## Task prompt
Pictures do not belong in the copy; retype the records below exactly.

## Records
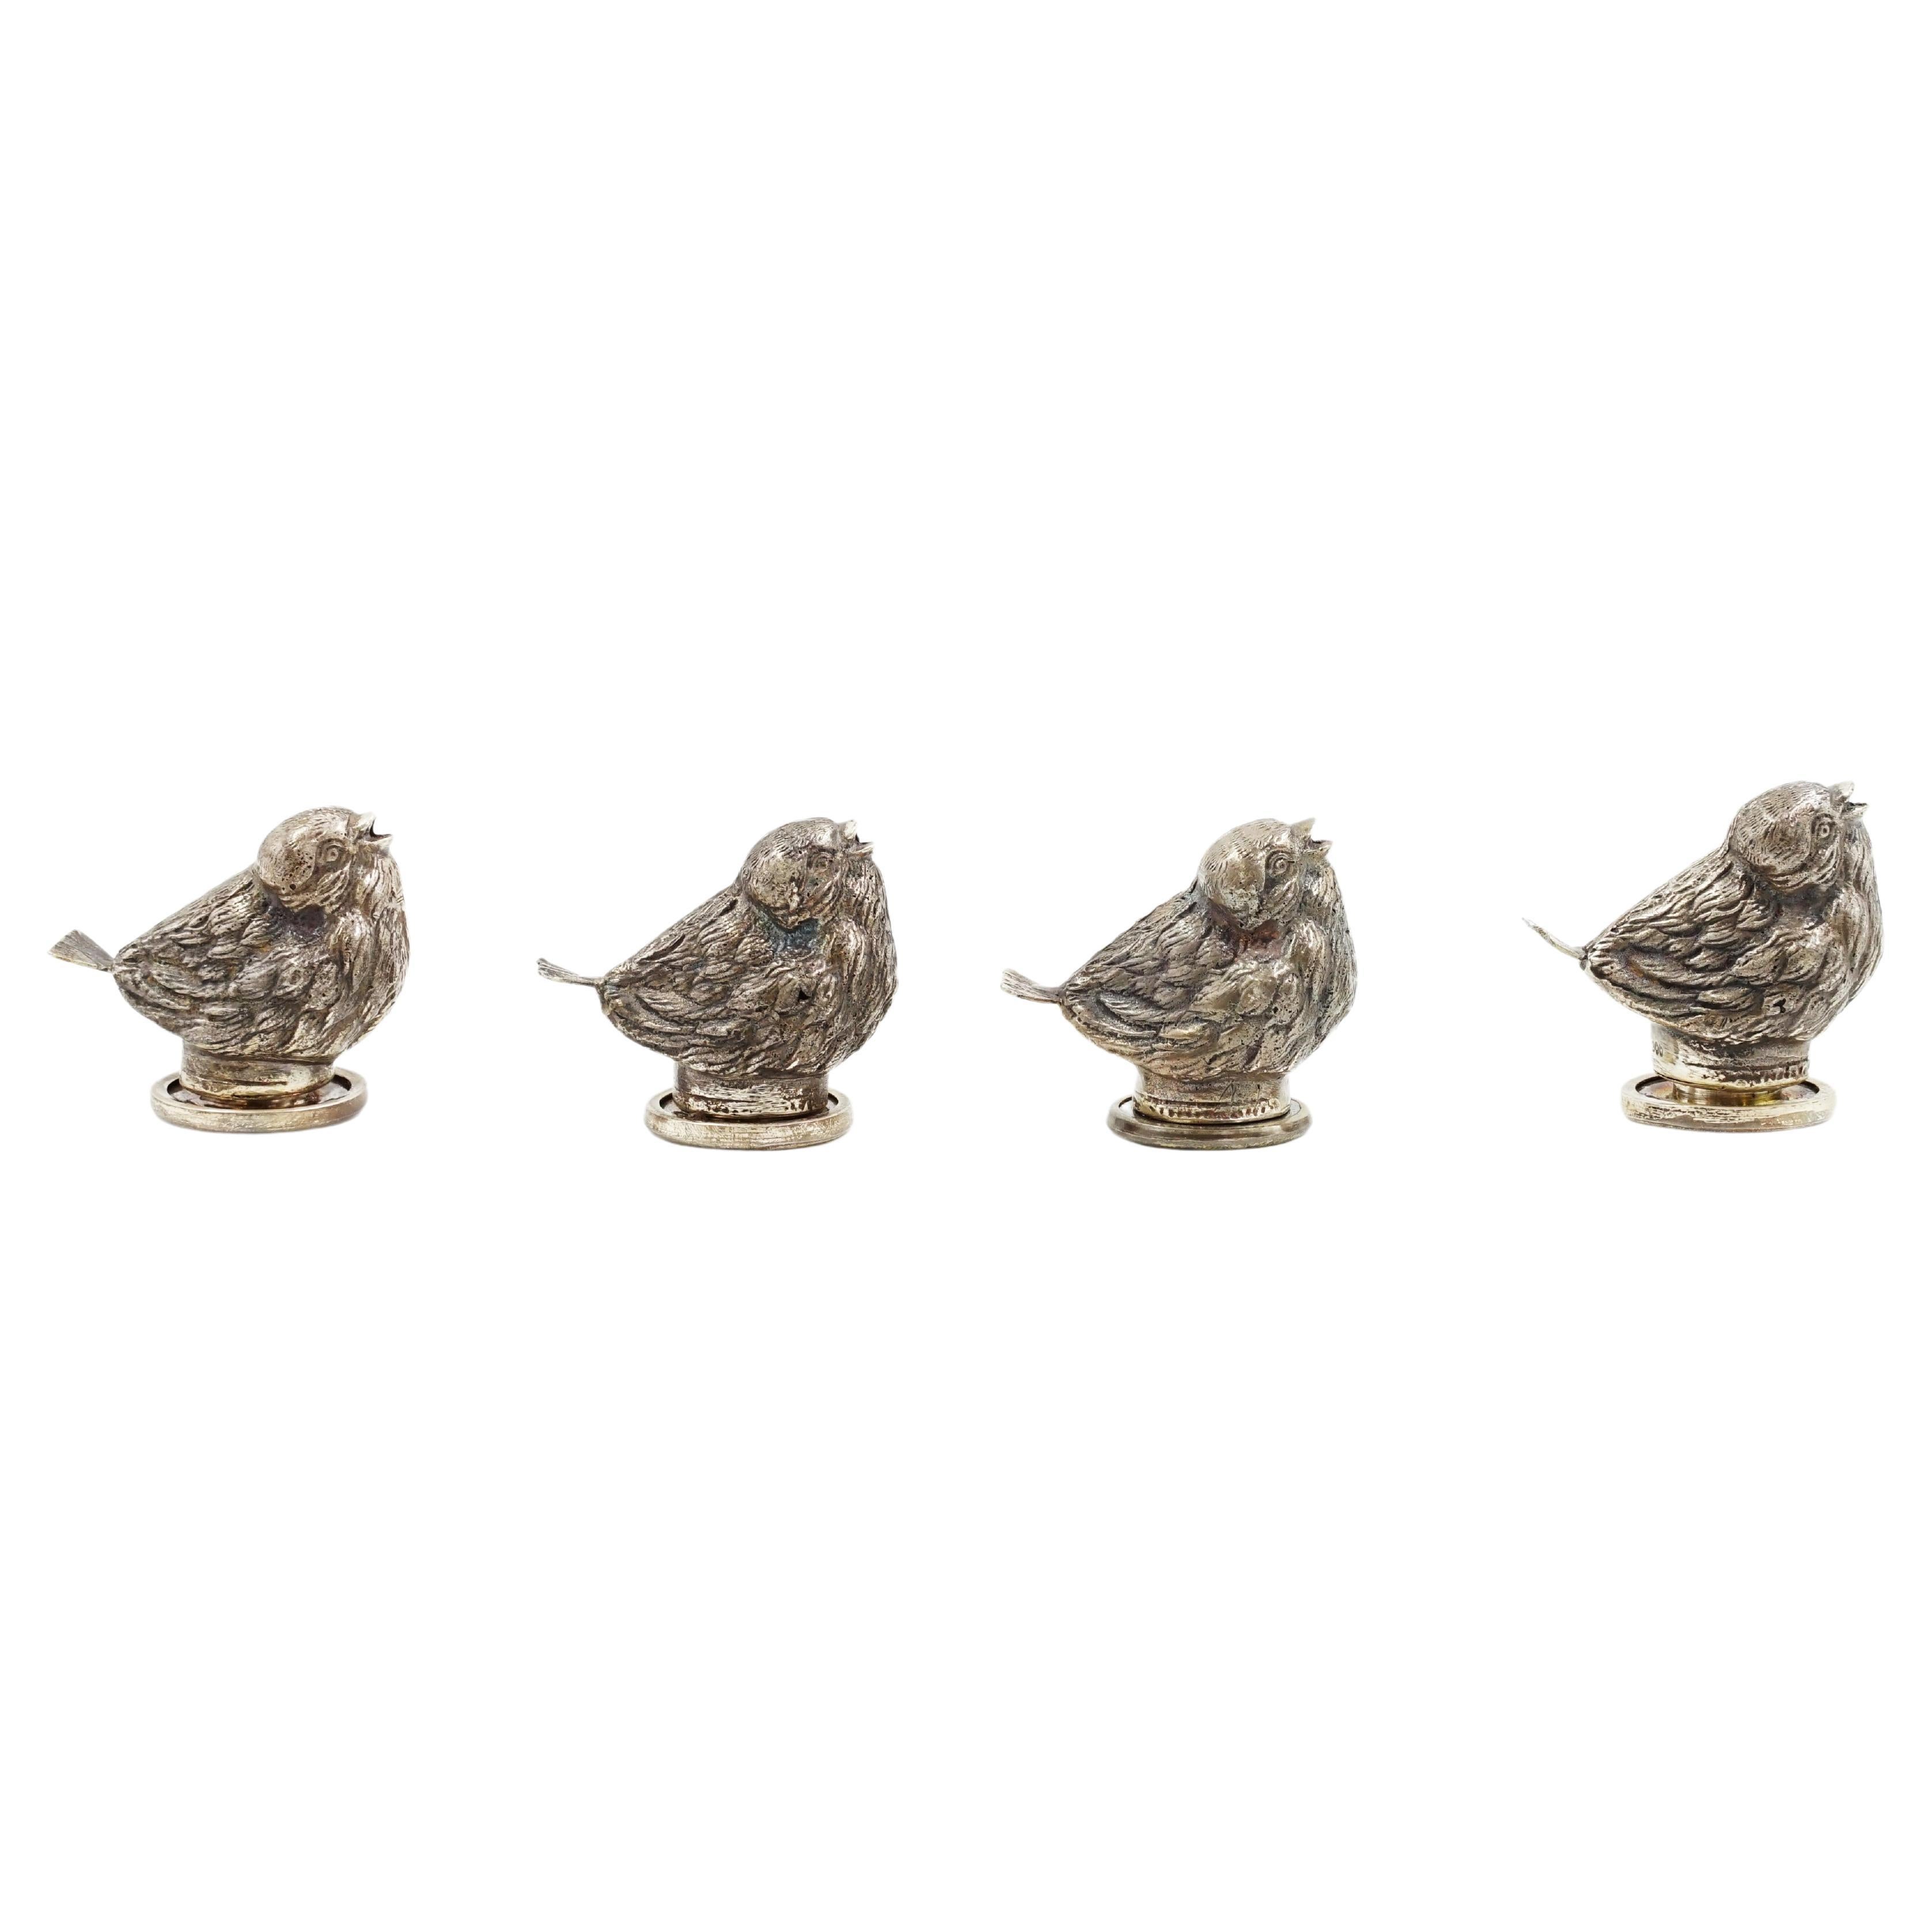 German solid silver salt shakers set
solid silver salt shaker set
Excellent condition and suitable for use
Crica 1940 Origin Germany
solid silver
There are 4 salt shakers shaped like birds. Probably brought from Germany.
Neoclassicism was an

## Response below
 German solid silver salt shakers set
solid silver salt shaker set
Excellent condition and suitable for use
Crica 1940 Origin Germany
solid silver
There are 4 salt shakers shaped like birds. Probably brought from Germany.
Neoclassicism was an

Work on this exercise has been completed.